Kansen en tellen > Redeneren
123456Redeneren

Voorbeeld 3

Ook bij het delen van speelkaarten spelen kansen een grote rol. Een normaal kaartspel telt `52` kaarten. Er zijn vier "kleuren" : harten, schoppen, ruiten, klaveren. Iedere kleur kent de kaarten 2, 3, 4, 5, 6, 7, 8, 9, 10, boer, vrouw, heer en aas. Als het delen van kaarten eerlijk gebeurt, is er sprake van een aselecte trekking.
Hoe groot is daarbij de kans dat je bij trekking van één kaart een aas krijgt? Hoe groot is de kans dat het harten aas is?

> antwoord

Er zijn vier azen in het spel. De kans op een aas is `text(P)(text(aas))= 4/52 = 1/13` .
De kans op harten aas is `text(P)(text(harten aas))= 1/52` .

Opgave 5

Stel je voor dat je aselect één kaart uit een goed geschud spel van `52` kaarten trekt.

a

Welke kans heb je op een schoppen tien?

b

Hoe groot is de kans op een plaatje?

c

Hoe groot is de kans op een ruiten kaart?

Opgave 6

Welke van de volgende kansen kun je door redeneren bepalen?
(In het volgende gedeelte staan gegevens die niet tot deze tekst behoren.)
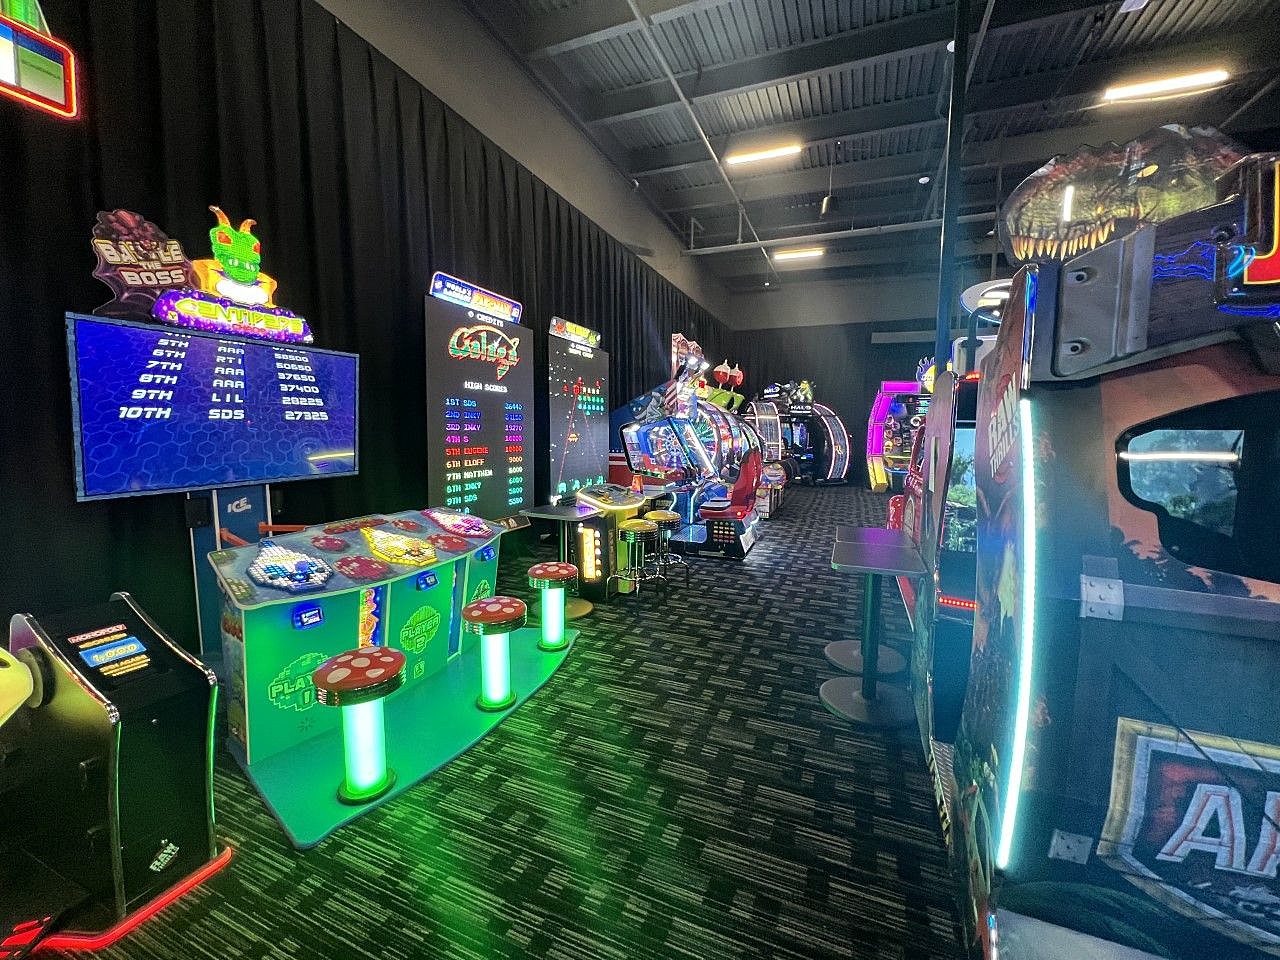 A Look Inside Lubbock's New Dave & Buster's

Bereken zo mogelijk de grootte van die kans, of geef aan hoe deze te bepalen is.

a

De kans dat je in december minstens één keer te laat op school komt.

b

De kans om een meerkeuzevraag met vier keuzemogelijkheden en één goed antwoord bij toeval goed te beantwoorden.

c

De kans dat de eerstvolgende baby die wordt geboren, een jongen is.

d

De kans dat de eerstvolgende baby die wordt geboren in een gezin met al drie jongens, weer een jongen is.

e

De kans dat het morgen zes uur regent in Enschede.

f

Je werpt met een dobbelsteen in de vorm van een regelmatig achtvlak met vier rode, twee witte en twee blauwe zijvlakken. Wat is de kans dat bij het werpen met zo’n dobbelsteen, een rood zijvlak bovenkomt te liggen?